And S306, constructing a talent base based on the feature information and the feature labels.

After determining all the characteristic information in the three-Zhang resume and at least one characteristic label corresponding to the characteristic information, storing the characteristic information and the characteristic label corresponding to the three-Zhang resume into a talent library as a record in the talent library. And (4) performing the operations of the step (S302) to the step (S304) on other resumes to be processed, processing each resume to be processed into a record in the talent library, storing the record in the talent library, and completing the construction of the talent library.

And S308, extracting information of the problem to be retrieved to obtain a keyword corresponding to the problem to be retrieved.

And extracting information of the problem to be retrieved by adopting a named entity identification method, and extracting the key words in the problem to be retrieved. Taking the problem of the computer family with experience of three years from the graduate of S as an example, information extraction is carried out on the problem by adopting a named entity identification method, and the obtained keywords are respectively 'S big', 'three years of experience', 'computer' and 'family'.

Step S310, standardizing the keywords based on the entity link rule to obtain standardized keywords.

And standardizing the extracted keywords by adopting an entity link rule. When entity linking is carried out, the keywords are used as entities and are linked to a plurality of candidate entities in a talent base, the characteristic information and the characteristic labels in the talent base are the candidate entities, and the candidate entities corresponding to each keyword and having the similarity higher than a threshold value with the candidate entities are screened from the candidate entities based on a preset similarity threshold value according to the similarity between the keyword entities and the candidate entities in the talent base and serve as standardized keywords corresponding to the keywords. When information extraction is carried out on a problem to be retrieved, and obtained keywords are 'S big', 'three-year experience', 'computer', 'Ben' and the like, the four keywords are respectively linked into the talent base, candidate entities in the talent base to which the keyword 'S big' is linked can be all candidate entities with 'S' and 'big', such as 'S university', 'S1 university', 'S2 university', 'S3 university' and the like, and candidate entities with similarity of the keyword 'S big' within a preset threshold range, namely 'S university', are determined as standardized keywords corresponding to the keyword 'S big' in the candidate entities.
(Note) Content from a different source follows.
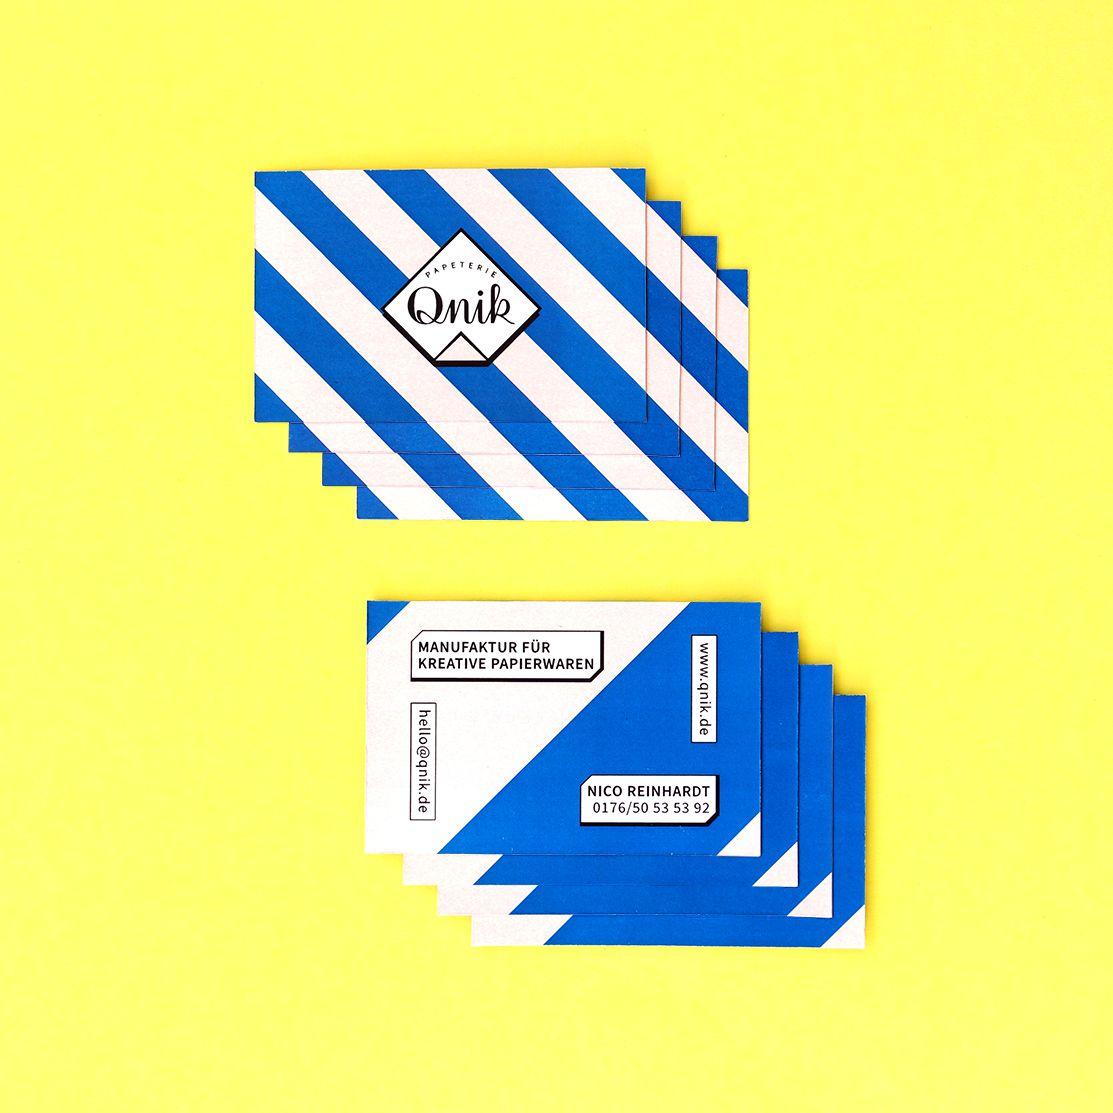 Druckfrisch Wir Präsentieren Unsere Neue Visitenkarte

Based on the same operation, the keywords "three-year experience", "computer", and "family" are respectively standardized to obtain standardized keywords corresponding to the keywords "three-year experience", "computer", and "family".
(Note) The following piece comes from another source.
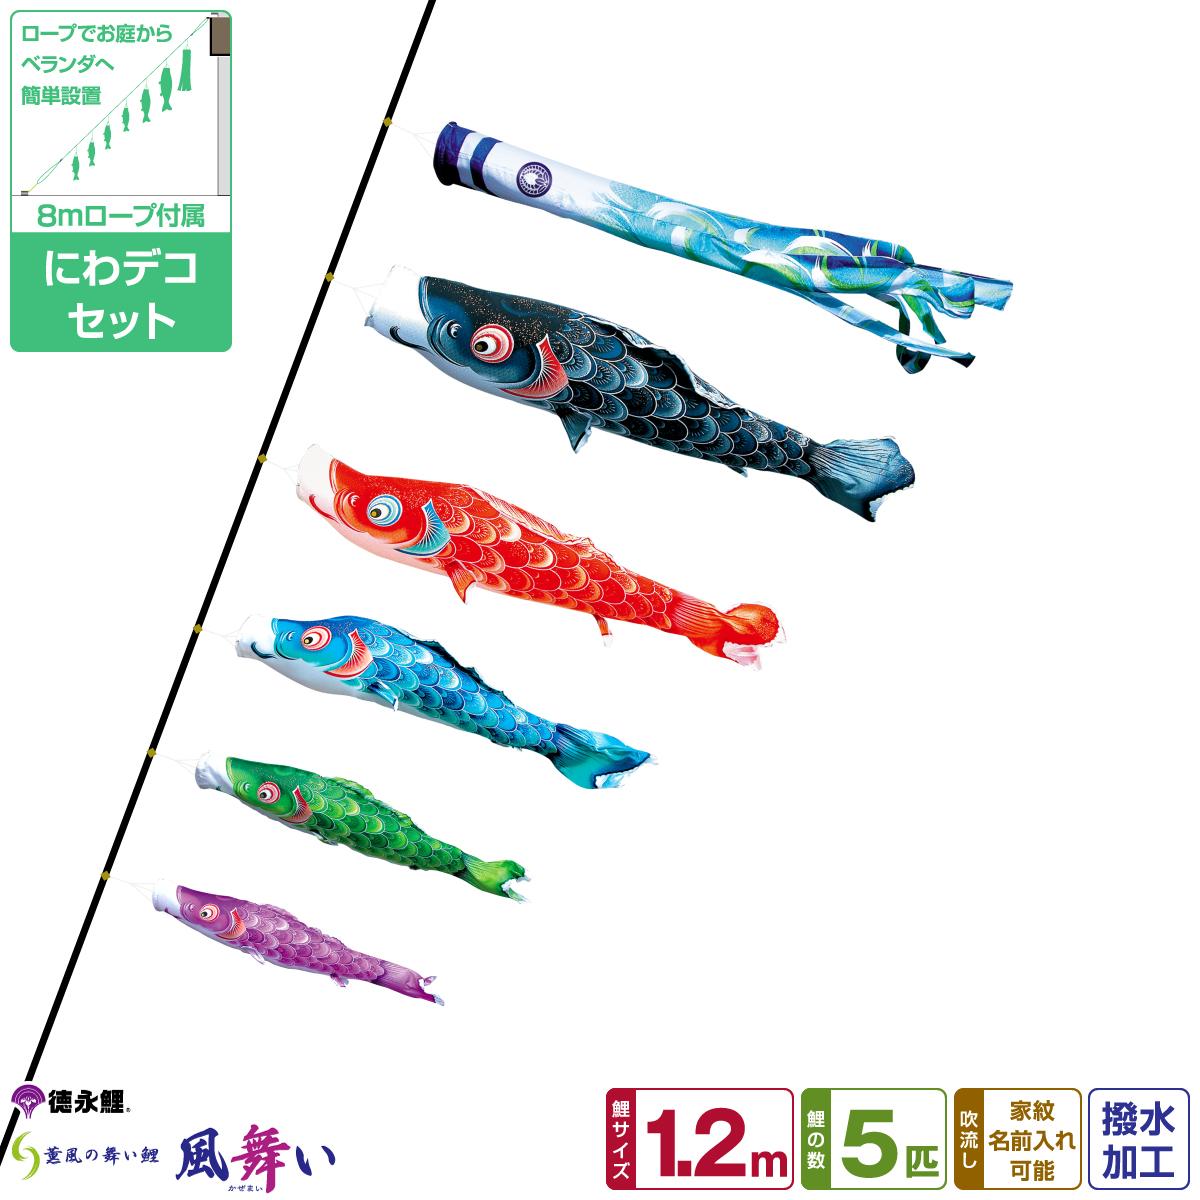 徳永鯉のぼり 風舞い鯉 1.2m 8点セット にわデコセット 2019年初節句 端午の節句 こどもの日 こいのぼり

Step S312, inquiring the talent base according to the standardized keywords to obtain candidate information.

And querying the candidate in the talent library according to the obtained standardized key words by adopting an entity linking rule. And when the standardized keywords are characteristic information in the talent base, the standardized keywords are linked to the talent base to form a plurality of link paths, and talent entities in the talent base corresponding to all the link paths are used as candidates to obtain candidate information.

In addition, the keywords extracted from the questions to be retrieved may also be in the form of keyword feature tags, where the keyword feature tags refer to feature tags corresponding to standardized keywords, for example, in "talent base," feature tag of "S university" is "focus university," and feature tag of "company a" is "five hundred powerful enterprises in the world. For example, when the problem to be retrieved is: when the key university graduates with three-year work experience are 'the key words extracted from the' key university graduates 'are' three-year work experience ',' key university 'and' the 'home department', it is obvious that 'key university' does not refer to a specific school name, but is a general name of a university, namely when the 'key university' is extracted as a key word, the 'key university' is a key word feature tag, and the key word feature tag and other standardized key words are inquired in a talent base together to obtain a plurality of candidate information meeting conditions.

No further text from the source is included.